I depicted 12 particles and their velocities. But I don't understand which 4 molecules move along one axis.

View attachment 364673

Could anyone explain it?
Thanks.

It seems to me that you are trying to make a deterministic model of a stochastic process. What you write here is not in the context of randomness.

 

[Mike_bb]

Herman Trivilino,

$<V_x^2> = \frac{1^2+3^2+2^2+7^2+...}{N}$
$<V_y^2> = \frac{(-3)^2+(-1)^2+2^2+7^2+...}{N}$

Is this true?

 

[jbriggs444]

$<V_x^2> = \frac{1^2+3^2+2^2+7^2+...}{N}$
$<V_y^2> = \frac{(-3)^2+(-1)^2+2^2+7^2+...}{N}$

Looking at your drawing here, those numbers are quite wrong. Where are you getting them?

As I read the drawing, $v_{1x}$ is negative, $v_{2x}$ is positive, $v_{3x}$ is positive and $v_{4x}$ is negative. $N$ is 12 for that situation.

 

[Mike_bb]

Looking at your drawing here, those numbers are quite wrong. Where are you getting them?

As I read the drawing, $v_{1x}$ is negative, $v_{2x}$ is positive, $v_{3x}$ is positive and $v_{4x}$ is negative. $N$ is 12 for that situation.

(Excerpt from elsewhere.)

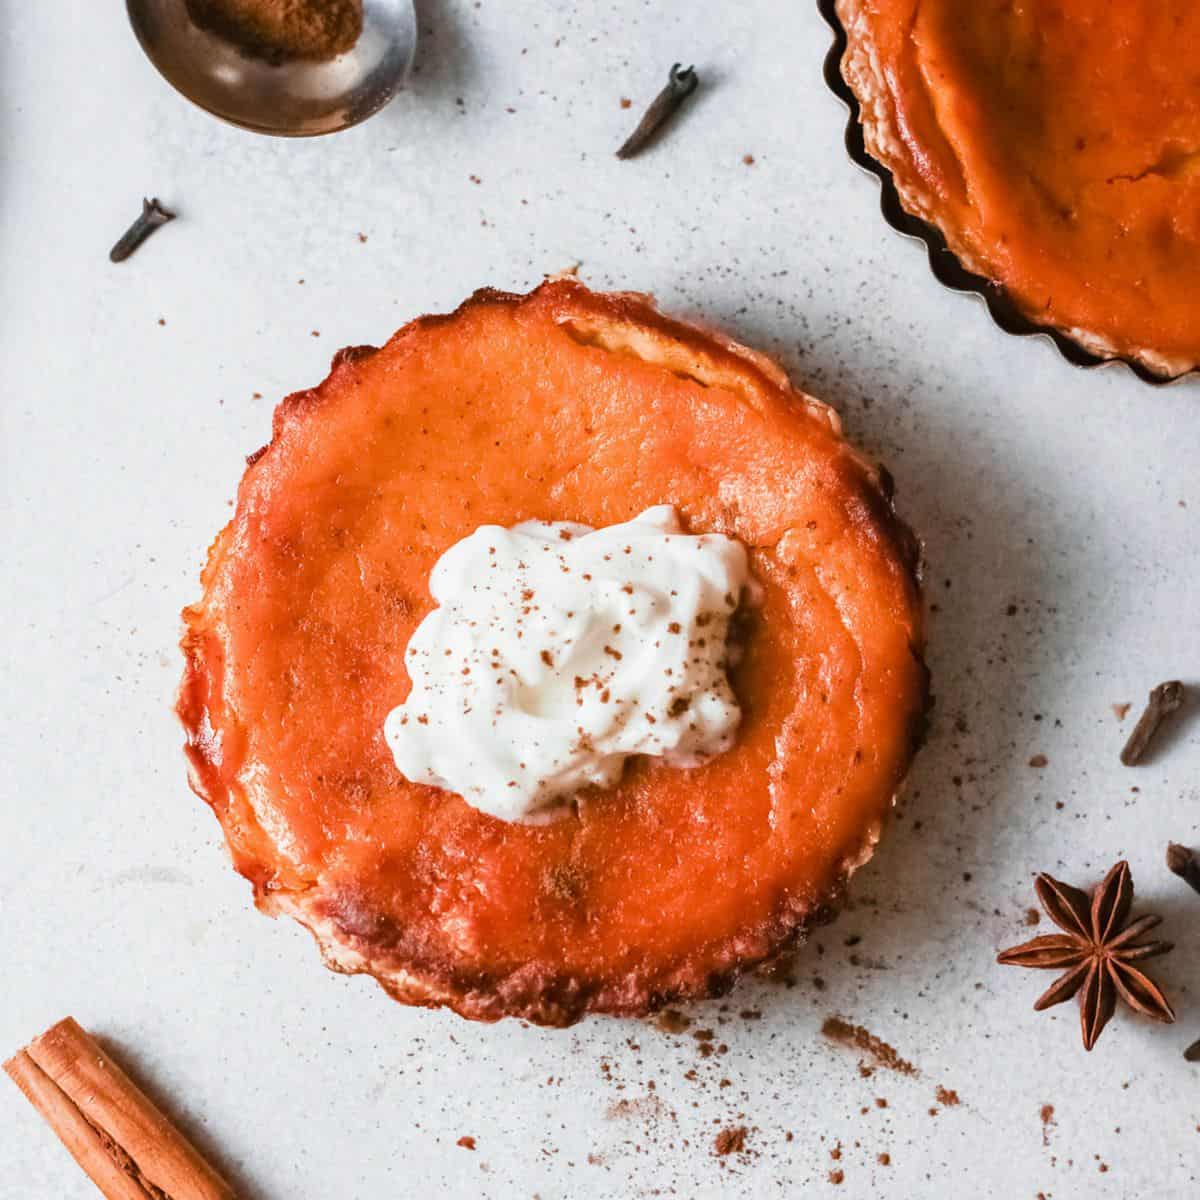 Fireball pumpkin pie topped with whipped cream on a table next to cinnamon sticks.

My post #65 is not about this situation.

 

[weirdoguy]

So what is it about?

 

[Mike_bb]

So what is it about?

For this proof:

 

[jbriggs444]

My post #65 is not about this situation.

So, again, where did those specific numbers come from?

 

[Mike_bb]

So, again, where did those specific numbers come from?

These numbers are random but from expressions for $<V_x^2>$ and $<V_y^2>$ we can see that X-axis and Y-axis are equiprobable. (gas is isotropic)

 

[jbriggs444]

View attachment 364722

Is this true?

Technically the quoted passage is false. It is an argument, not a valid proof.

The first error is minor. The author says that if the mean of ${v_x}^2$ is greater than the mean of ${v_y}^2$ that means that the x component of the velocities is greater in absolute value than the y component. As a handwave, that claim is arguably true. However, as a statement of mathematical fact, it is wrong. It is wrong because taking the absolute value is not the same thing as taking the square. The two functions are shaped similarly, but not identically. One can exploit this to construct counter-examples.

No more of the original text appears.